With funds from the Institute of Museum and Library Services (IMLS), Heritage Preservation published an important survey report, Heritage Health Index, in 2005. It included material supplied by more than 3,000 institutions – museums, historical societies, government archives, libraries, scientific organizations, and universities. Some 612 million artifacts were found to be at risk of deterioration because of improper or neglected care. That report was featured in a December, 2005, New York Times article by Lynette Clemetson, “History is Slipping Away as Collections Deteriorate.” One week later, the report was featured in a PBS broadcast by Harriet Bashar, “U.S. Museum Collections in Dire Conditions.”

 

Jane Long noted in her 2012 FAIC Oral History interview: I have to credit Larry because right after September 11th, [2001] he said, “We need to call the executive committee together to think about what can be done and how we can help,” and then we later had a full meeting of the task force and had emergency people in from New York to tell us about what had happened and that’s when we decided to do a report as well because there’s nothing like an emergency to raise awareness for preparedness.”

 

A Conservation Assessment Program (CAP), funded by IMLS, but administered by Heritage Preservation, provided assessment by professional conservators of the condition of collections and historic structures. It enabled successful applicants to focus on their most important artifacts and set priorities for their conservation. Between 1990 and 2012, 2,600 museums in all states and territories benefited from the CAP program. In 2012 alone, 101 museums participated in the conservation assessment program. In his 2012 interview, Larry explained his approach to programs such as the Conservation Assessment Program, CAP:

 

“Giving people what I call, short, medium, and long-range goals. So, if they need to replace their entire environmental system it’s not that you don’t tell them that, but you don’t make that necessarily their first priority. If they can do it, you urge them to do it. But you give them something that they can feel a sense of accomplishment, and that, more importantly, they can feel a sense of accomplishment within the overall goals of the collecting institution.” (He also noted “when we started CAP. I actually got a baseball cap done with ‘CAP your Museums.’”)

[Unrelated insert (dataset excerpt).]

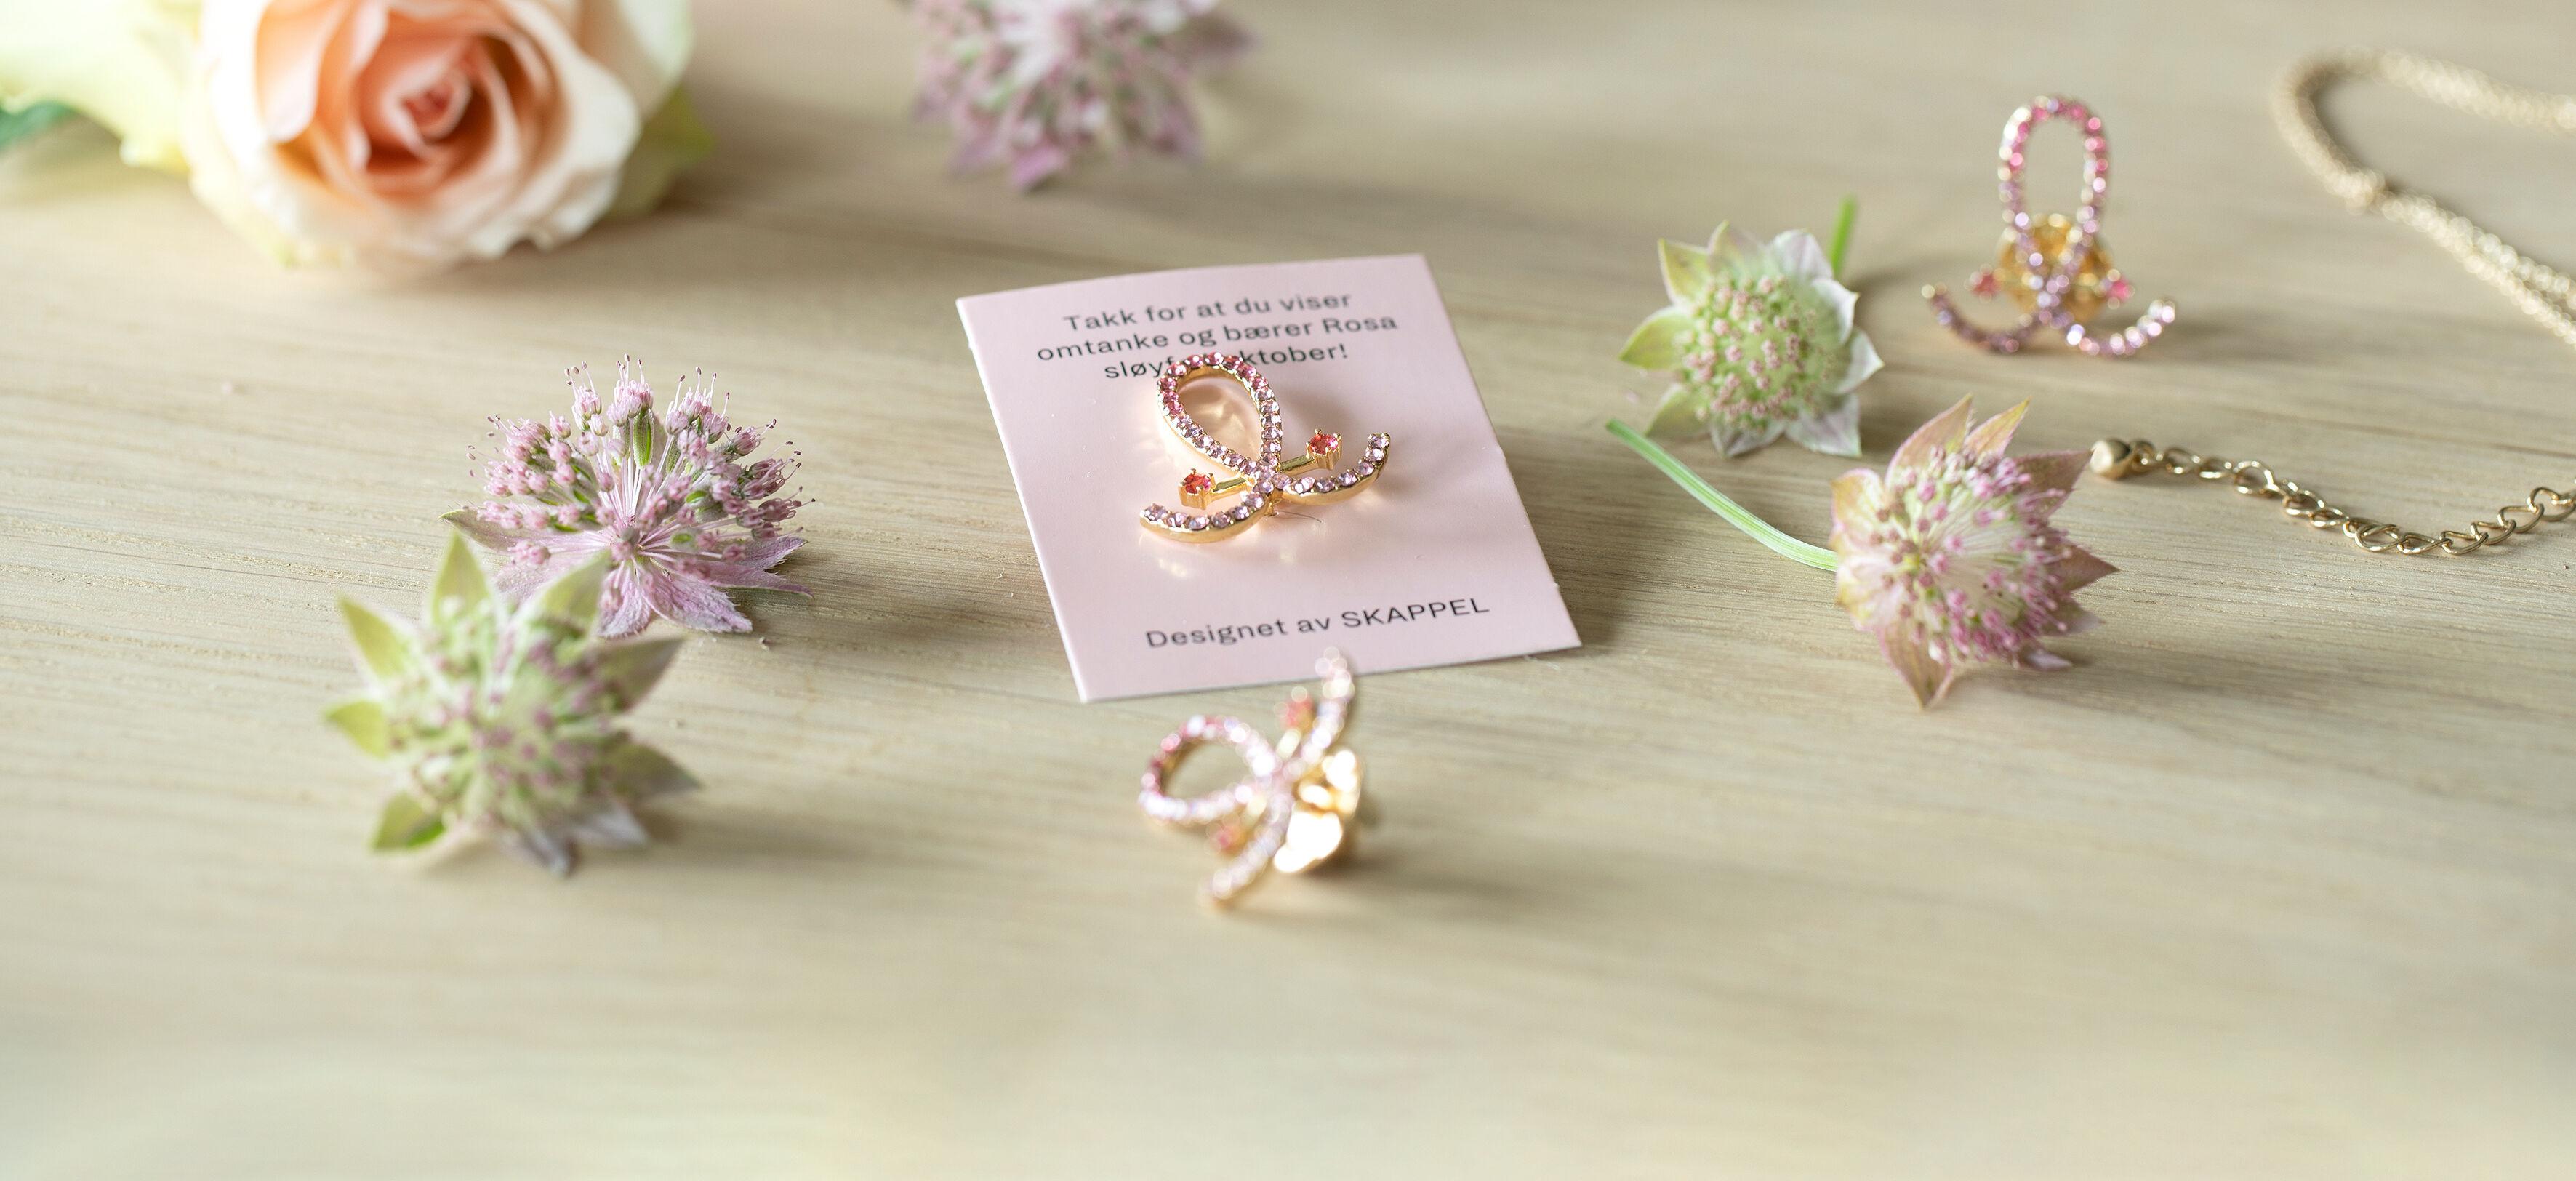 Dorthe og døtrene har designet årets Rosa sløyfe

Charles Hummel noted in his memories of the NIC/Heritage Preservation: “Larry Reger did a very good job as Executive Director of Heritage Preservation. I guess IMLS saw that. That's why they entered in the contract with IMS to run CAP. CAP was an incredible success because it provided support for conservation professionals to go in and work with them and force them to look at their collections.”

 

“As a member of the National Museum Services Board 1994-2001, appointed by President Clinton, I occupied the so-called ‘Conservation Seat.’ I personally observed the great success of CAP in annually attracting overwhelming numbers of applications for the program’s available funds.”

 

“The Heritage Emergency Task Force was founded in 1995 to protect cultural heritage from the damaging effects of natural disasters or other emergencies. It grew to include forty-one national and Federal service organizations, including the Federal Emergency Management Agency.”

 

And “Heritage Preservation as an organization ended in 2015. The importance of its programs relating to conservation, preservation, and care of collections in the United States was made manifest by the fact that many of its programs were adopted by the American Institute for Conservation of Historic and Artistic Works [AIC] or by FEMA.”

 

Here are some of Larry’s precepts that he brought to his quarter-of-a-century leadership of NIC/Heritage Preservation, based on his 2012 FAIC Oral history interviews:

 

My measuring stick is in 5, 10, 15, 20 years, will people say, “It was much, much better to have done it than not to have done it.” Not that they will they say, “It was perfect.” That’s not achievable.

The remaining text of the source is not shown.